Our perception of brightness is dependent on the amount of energy carried by light. In other words, the more energetic the light is, the brighter it looks.
However, the relationship is not linear. One could hastily think that if we double the amount of energy, it will look twice as bright. However, the human eye doesn't work that way. Doubling the amount of energy does not double the perceived brightness. The actual function is quite complex. Thus we have two different concepts:
Normally we don't need to worry about this difference. However, there are some applications, such as computer 3D rendering, where, if the application wants to be as physically accurate as possible, the distinction needs to be made. For instance, the amount of light reflected by a surface is a function of the cosine of the angle between the incoming light and the normal vector of the surface. However, it's a function of the radiant flux, not the luminous flux, which is the perceived brightness of light. (For example, at 60 degrees the amount of reflected light is half of the amount that's reflected at 0 degrees. Half of the radiant flux that is, not half of the perceived brightness.)
Another example is image dithering: If you want to reduce the colors of an image and use dithering, you need to be aware of gamma correction if you want to retain the perceived brightness of the result. (The reason for this is that, for example, a "checkerboard pattern" of white and black pixels does not look the same as an area of half-gray pixels in brightness. This is due to the difference between luminous and radiant flux.) What's worse, reducing color images to an image with less colors while preserving perceived brightness of the colors is a lot more complicated.

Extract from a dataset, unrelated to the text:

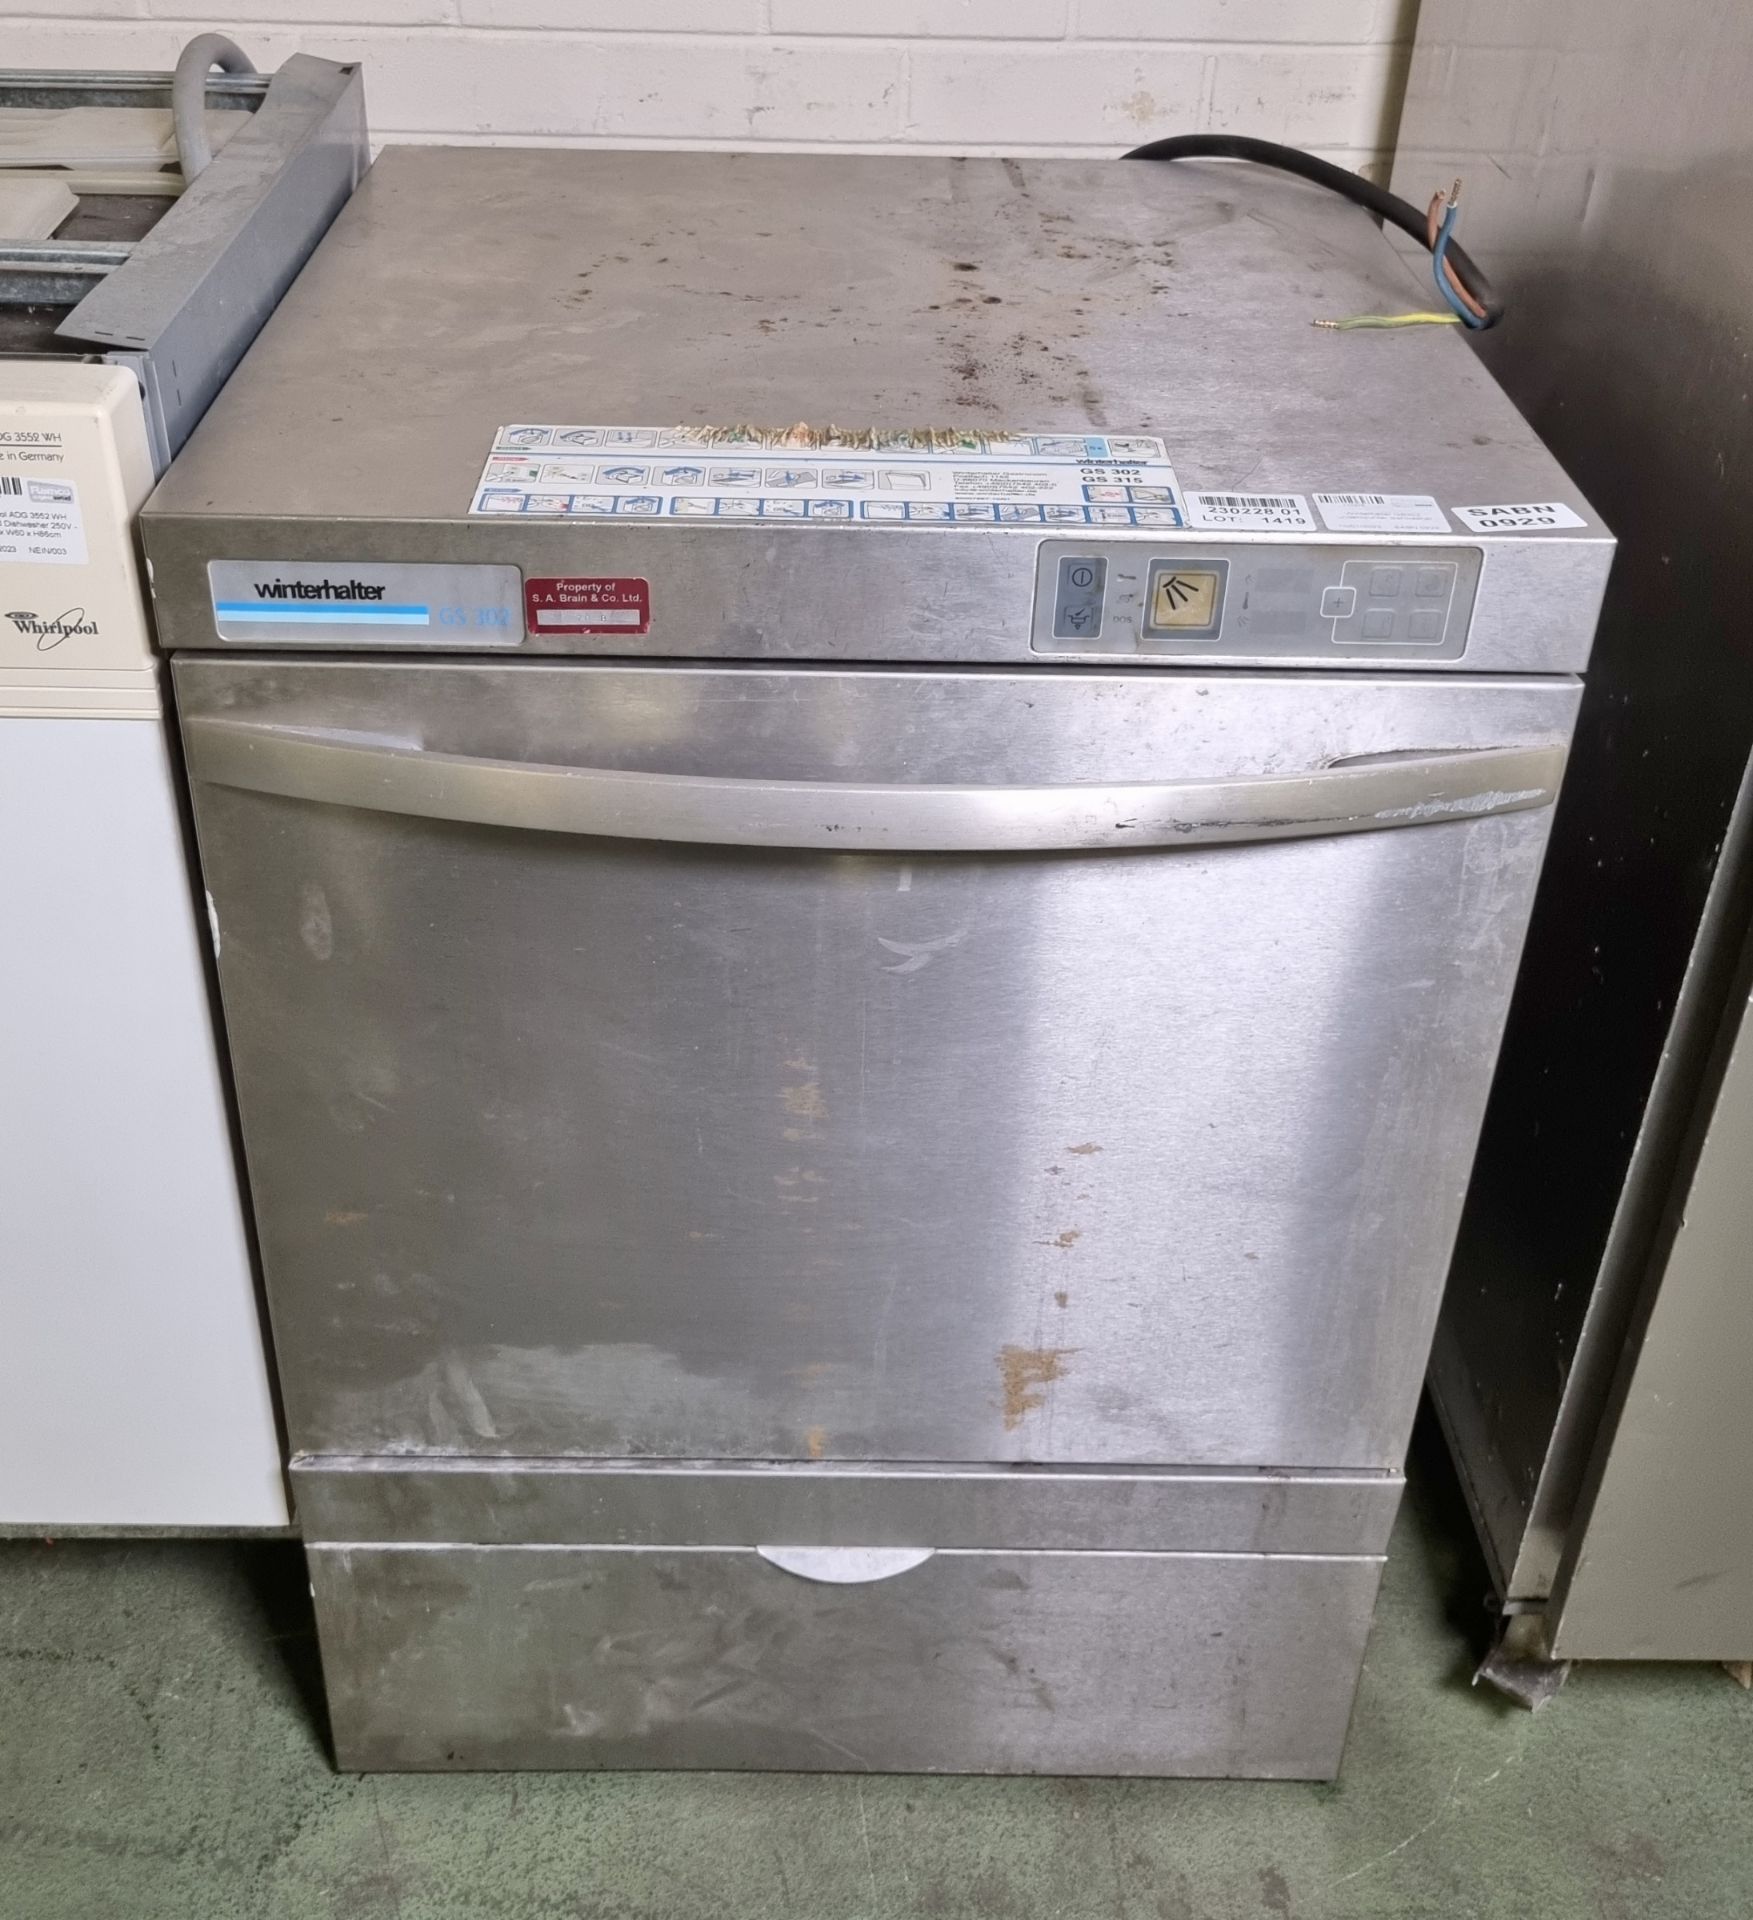 Winterhalter GS302 undercounter dishwasher

But in computing, this is only half of the issue. The other half is the display device. You see, display devices don't emit light in a linear manner either. And to complicate things, different displays may have different emission curves. This means that without any kind of correction the exact same image may look noticeably different with different displays.

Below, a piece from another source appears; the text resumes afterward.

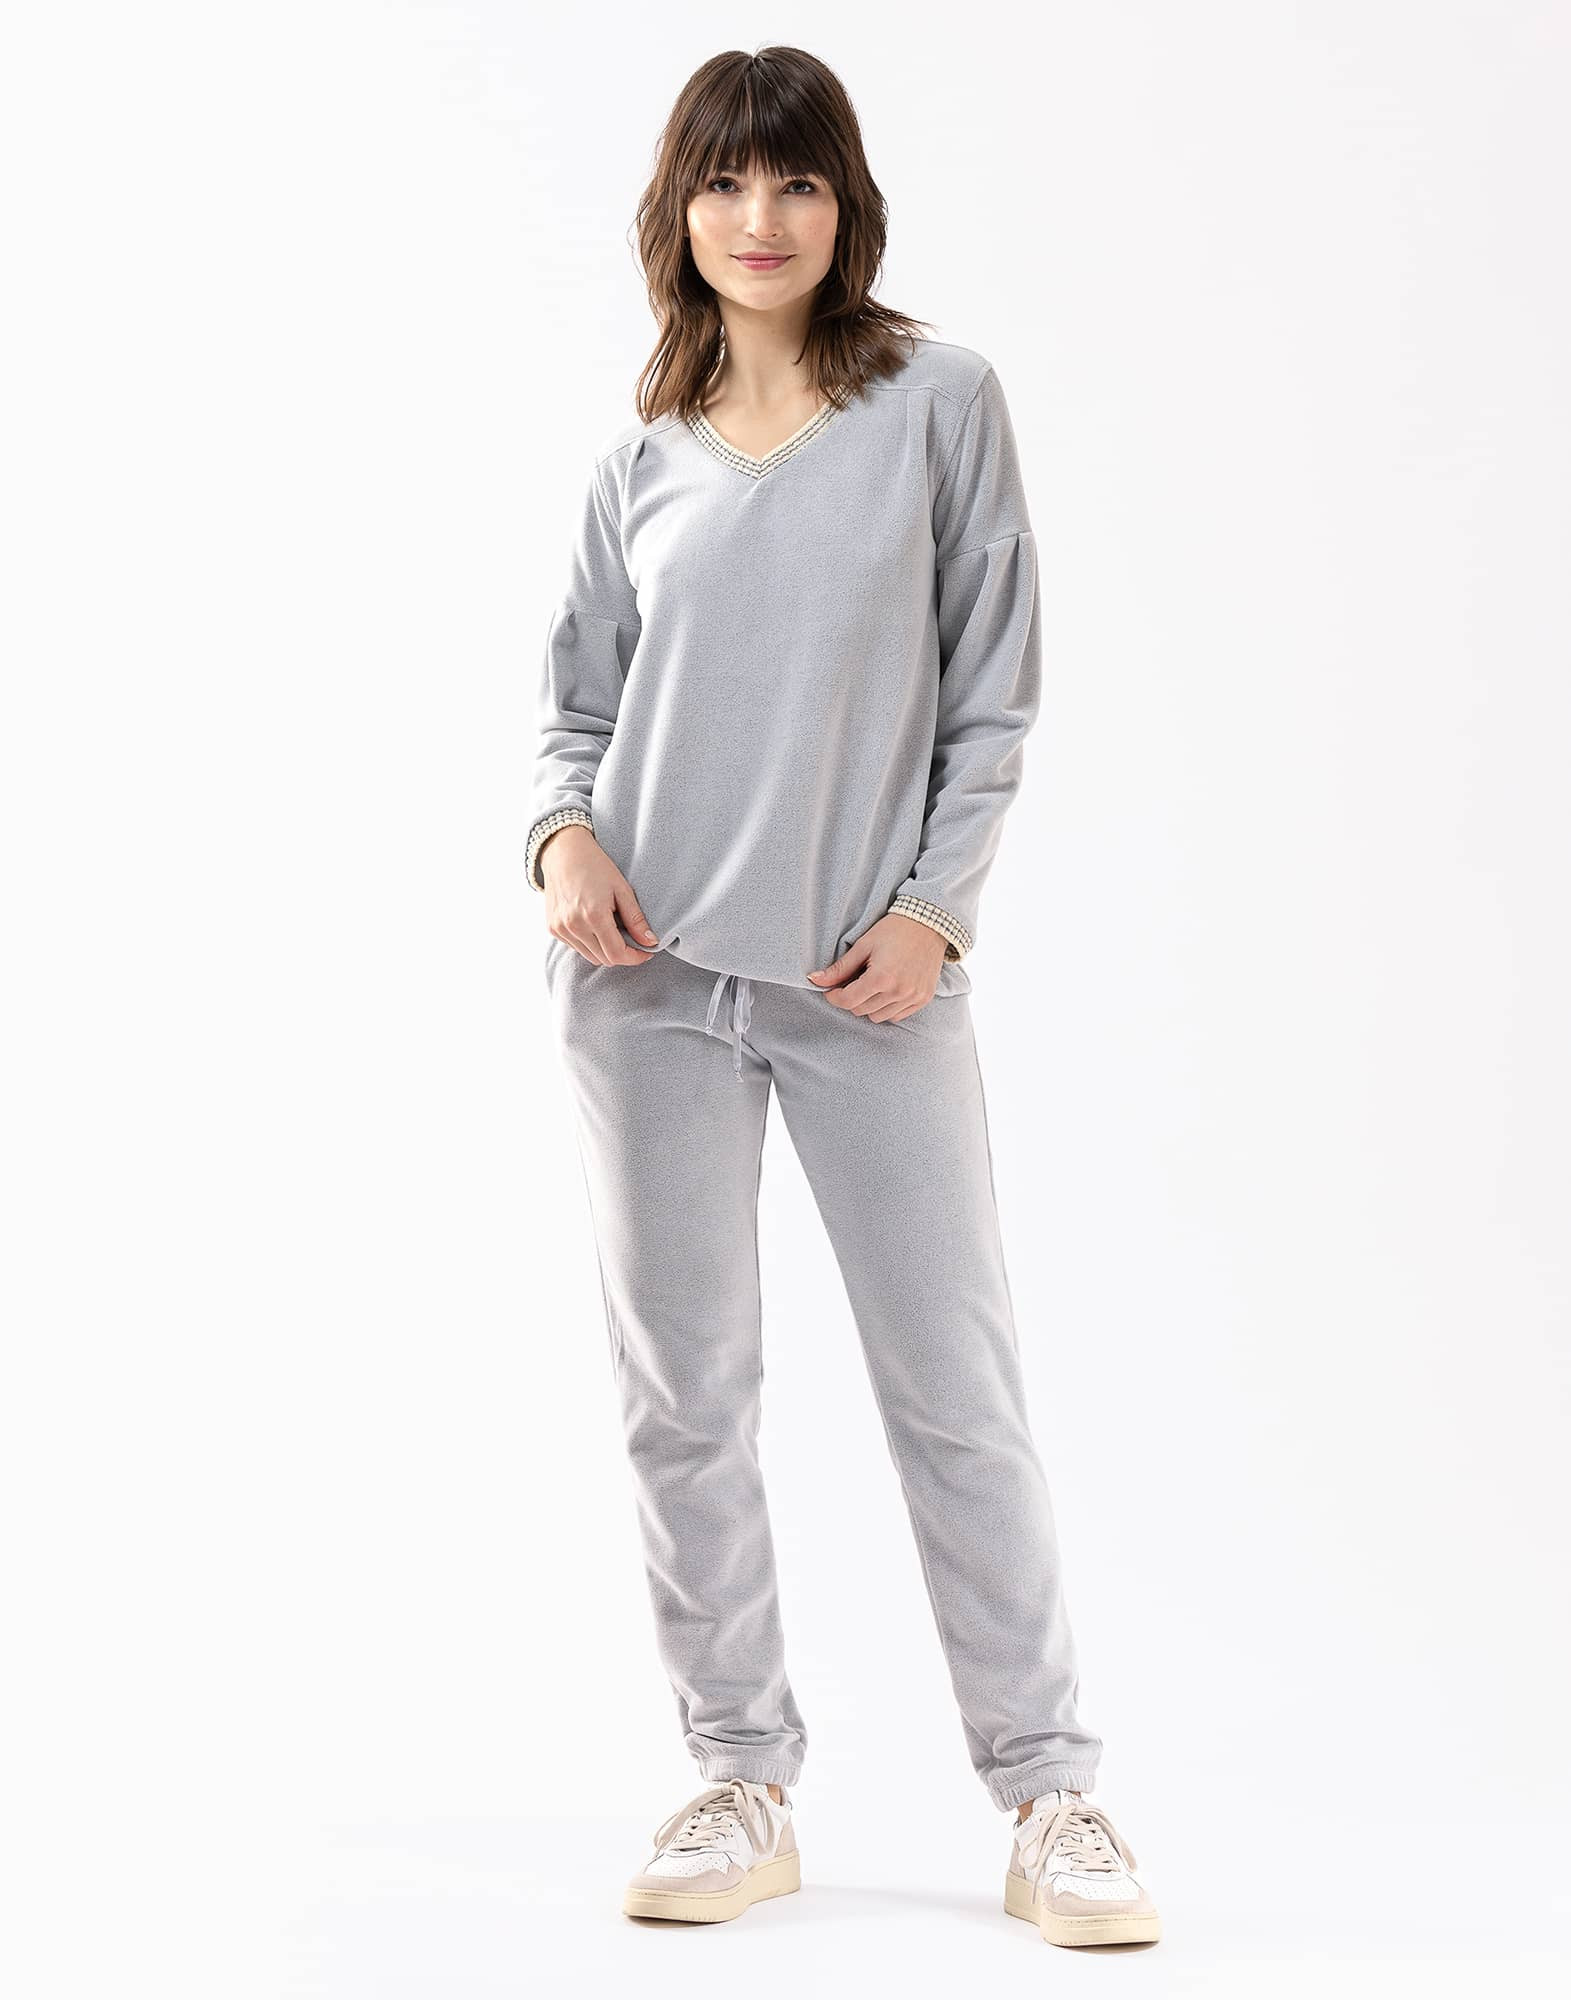 Pyjama long a côtes avec capuche fabrication française- Femme | Kindy

For the casual user this seldom makes a significant difference. However, for professional graphics artists, publishers and so on it can make a huge difference. If you, for example, design a beautiful image for the cover of a magazine in your computer, and then when it's printed you find out that the white balance and color balance are completely off in the printed version, you won't be very happy. And this is just one example of many.
Gamma correction is an attempt to fix this issue. Its intent is that if an image file has gamma correction data in it, the image will always look (nearly) identical in all (properly-configured) systems regardless of the differences in the physical properties of their hardware.

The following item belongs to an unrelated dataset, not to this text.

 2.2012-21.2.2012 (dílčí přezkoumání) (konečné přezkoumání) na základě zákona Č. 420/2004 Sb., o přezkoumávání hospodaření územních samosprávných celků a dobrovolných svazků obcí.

(The most common gamma for modern displays is 2.2. Quite curiously this corresponds very roughly to the perceived brightness of the human eye as well. This means that a pixel with relative RGB values of (0.5, 0.5, 0.5) will look approximately half as bright as a pixel of (1.0, 1.0, 1.0). In other words, the relationship between physical pixel values and perceived brightness is almost linear. This is quite convenient.)
The problem is that gamma handling has never been universally standardized, and it has become a complete and utter mess. There isn't even a universal agreement on which part of the entire system should be handling the gamma correction. Should it be the image file itself? Should it be the image viewer program? The operating system? The display driver? The graphics card? The display itself? Obviously if two of these (or anything in-between) ends up doing gamma correction, you will end up with over-correction, and the image will look like crap. (The difference between gammas 1.0, ie. no correction, and 2.2 is extremely visible. It's not like it's something subtle that only a trained eye can see.)
The PNG image file format is infamous for messing up gamma correction really badly. It almost ended up destroying the popularity of the file format.
By far the most common use for PNG images is in web design. Usually web pages do not care about gamma correction of its images, and instead aim for a consistent visual design.
What was one of the major problems related to this? Well, imagine that you make a web page that has a background color of (128, 128, 128), and you have a PNG image with some pixels having the color (128, 128, 128). Obviously you would expect the two colors to look identical, and would often rely on this when designing a web page. Often (especially when PNG was still new) you would be wrong, and ended up with the PNG's half-gray looking completely different from your web page's half-gray background. Why?
Because the creators of the PNG format wanted to support gamma correction, did it poorly, and the whole thing got extremely messy.
Some web browsers supported the gamma info in PNG files, while others didn't. This meant that if the PNG had gamma info in it, it would look different in different browsers.
Fine, just leave the gamma info out of the PNG completely. The file format supports that. But no, and here comes the screwup. You see, the PNG standardization committee stipulated that if a PNG file has no gamma information, the software displaying the image should nevertheless use an assumed gamma value.
Of course some browsers implemented this standard, while others didn't. So even if you left the gamma info completely out of the PNG file, it would still look different in different browsers. (And, what's worse, the half-gray in the PNG would look different than the half-gray page background color in the standard-conforming browsers. And if you tried to fix that with the PNG file, it would look different in the non-standard-conforming browsers.)
Needless to say, none of this was a problem with either GIF or JPEG, neither of which had any gamma info messing things up to begin with.
In order to fully understand gamma correction, we need to understand how human vision, as well as display devices, work.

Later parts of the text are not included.